The study finding the incidence of chromosomal and genes plasmid-mediated genes (blaOXA-51, blaOXA-23) were reported 13% and 10.1 respectively, it agrees with Mohamed et al. studied in the predominate gene but differs in the incidence, while the rate of blaOXA-51 gene and blaOXA-23 27.8% (10/36) and 2.7% (1/36), respectively [27].

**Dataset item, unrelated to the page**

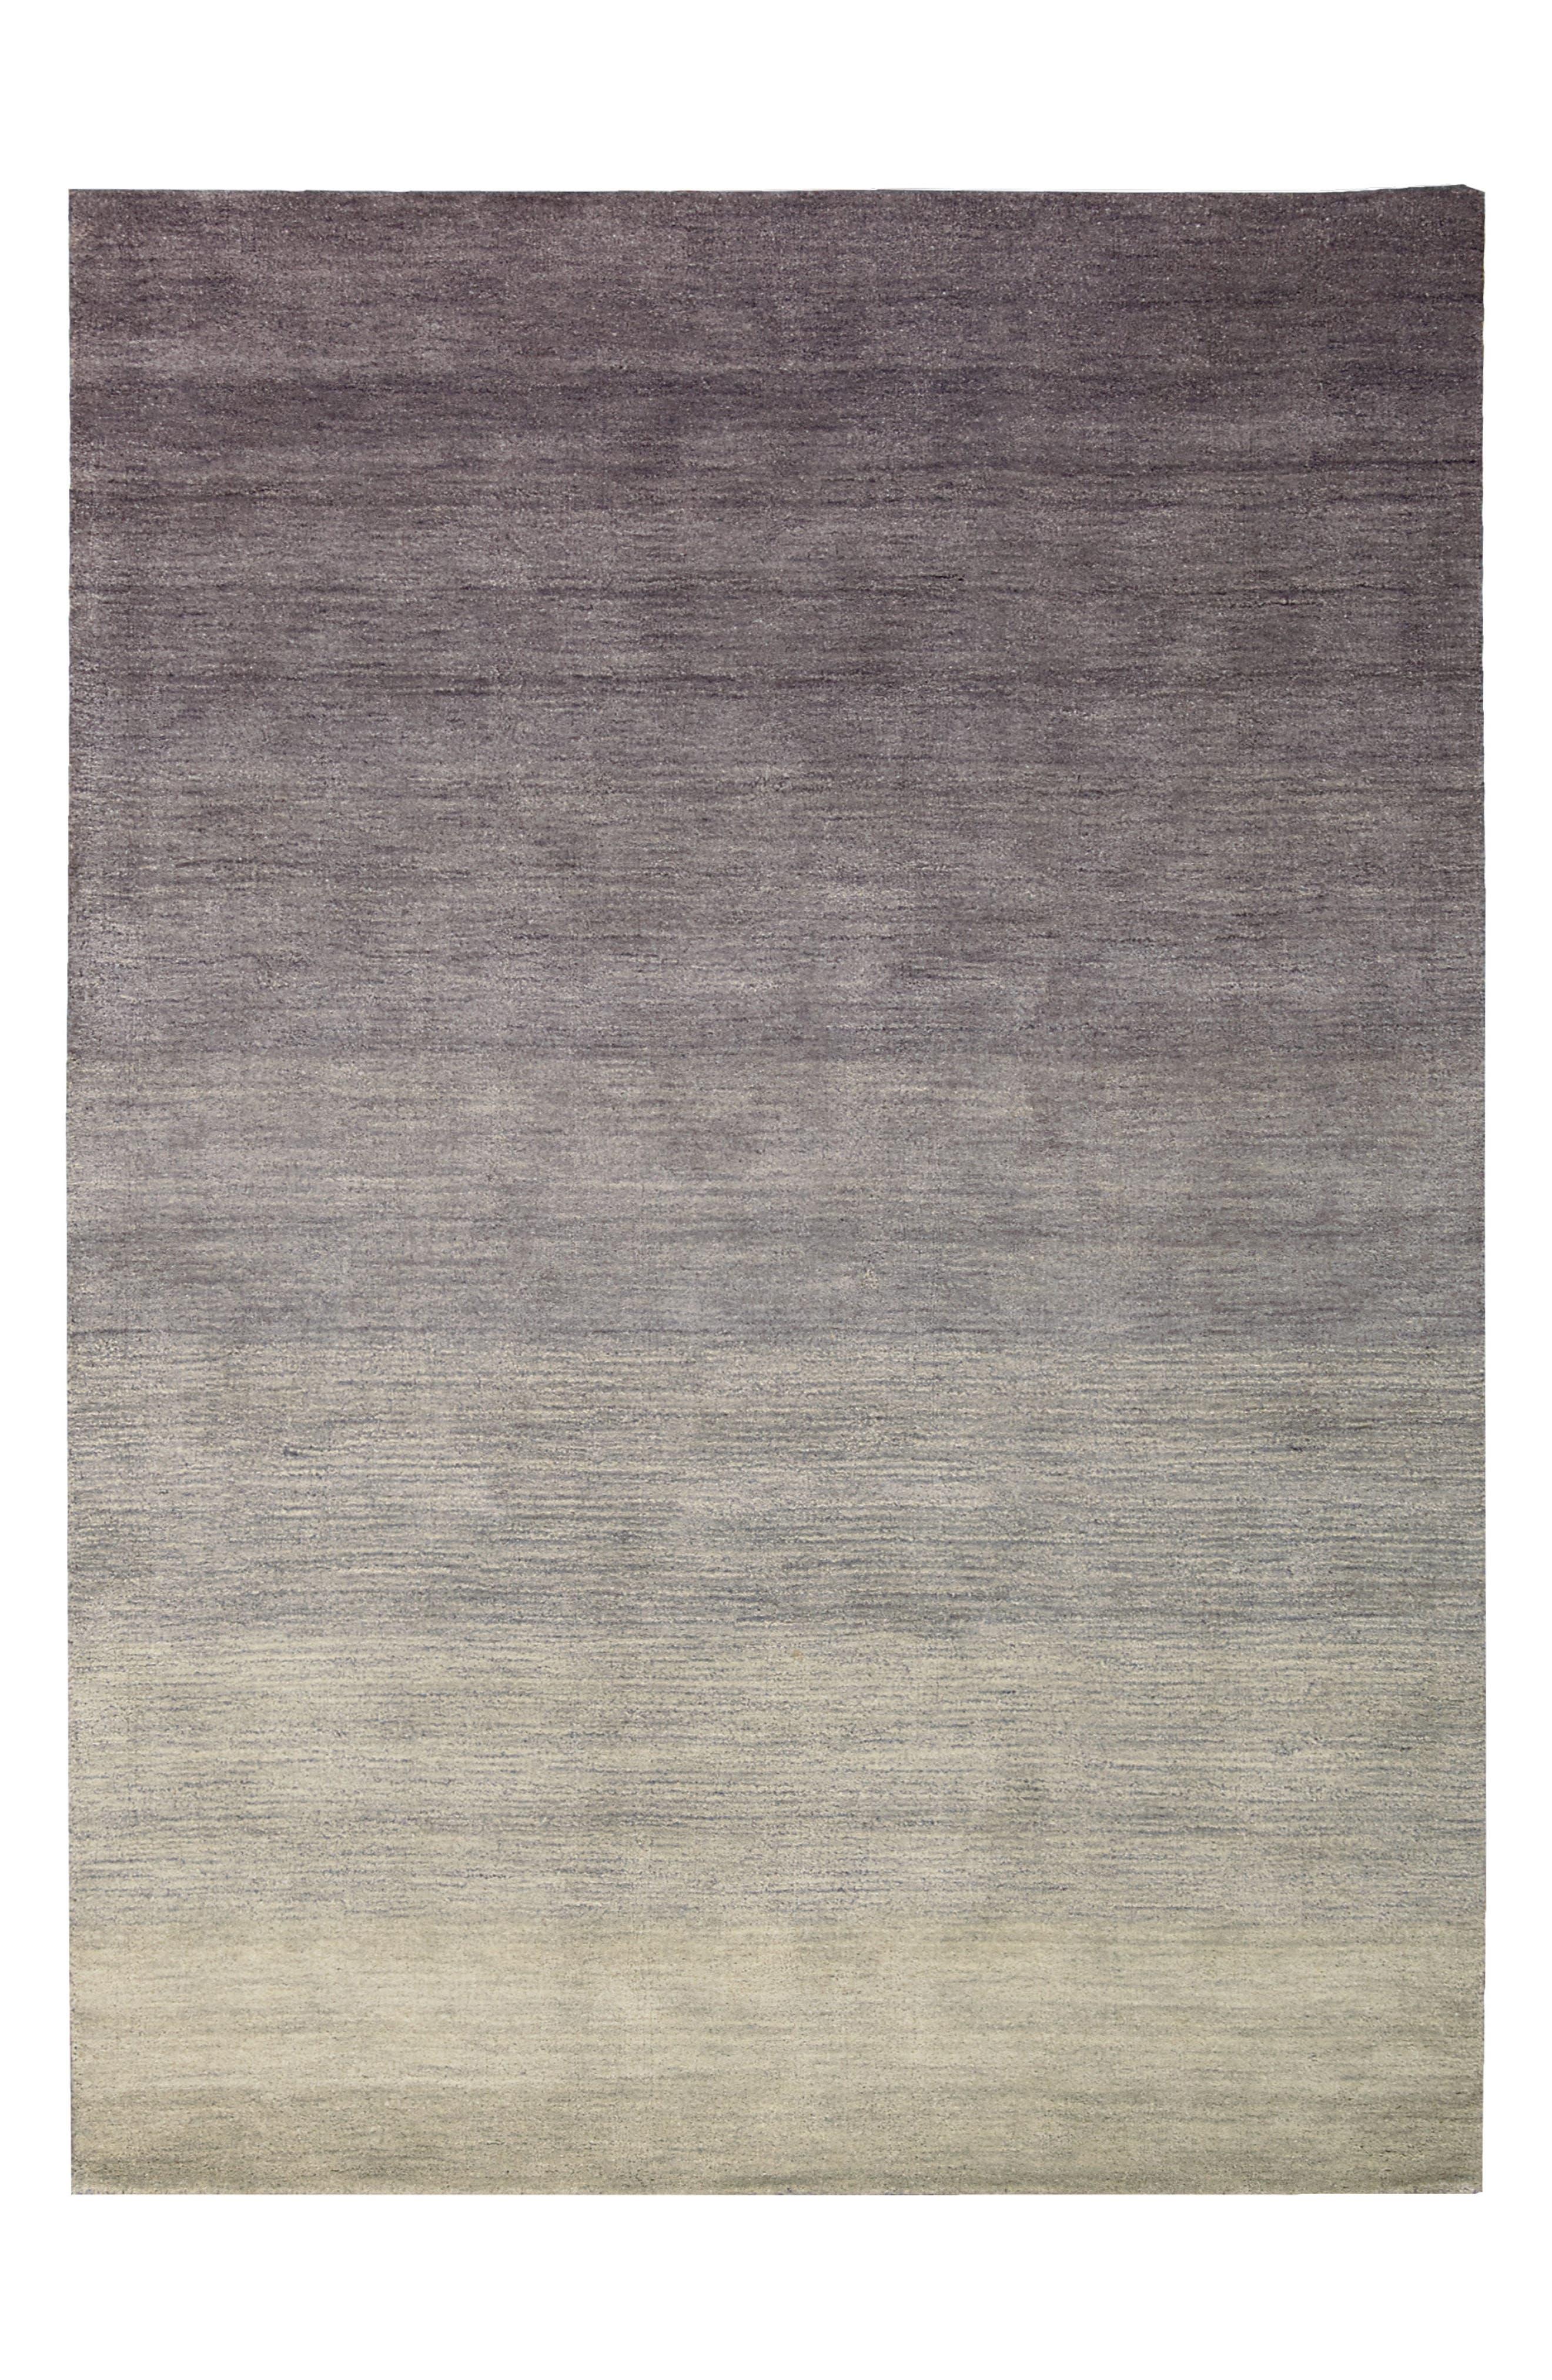 Haze Smoke Wool Area Rug,                             Alternate thumbnail 4, color,                             030

Recently, some strains such as P. Aeruginosa, K. pneumonia, and E. coli appear the chromosomal genes blaOXA-51 and acquired blaOXA-23 gene among CRE these genes that appear only in Acinetobacter species [17] [27]. In this study CR gene (blaOXA-51, blaOXA-23) were found in P. aeruginosa 25% (1/4), K. pneumonia 17% (1/6), S. aureus 14% (3/18), E. coli 8% (3/37), P. mirabilis 10% (1/10) detected only in blaOXA-51 and the frequency of S. aureus in blaOXA-23 was 5% (1/18), although E. coli the predominant isolated, it has the lowest incidence in appearance of chromosomal genes blaOXA-51 among CRE [18] [23]. On the other hand, observed there is no study about these genes among S. aureus. Sample size played major role in the variation of the incidence and percentage between this study and Mohamed et al. study [27].
6. Conclusion
This study has shown a high rate of CR (blaOXA-23 and blaOXA-51) genes among the isolated bacteria collected from GHRDS, the E. coli was the predominant bacteria with the least frequency of blaOXA-23 and blaOXA-51 presence genes than other isolates. This result needs to focus on the higher frequency bacteria to CR gene especially P. aeruginosa and how to treat them without ignoring E. coli.
Study Limitation
This study is limited to imipenem and ertapenem as groups of carbapenem and conducted only in meropenem with third and fourth cephalosporin, and limited to ESBL genes in the detections.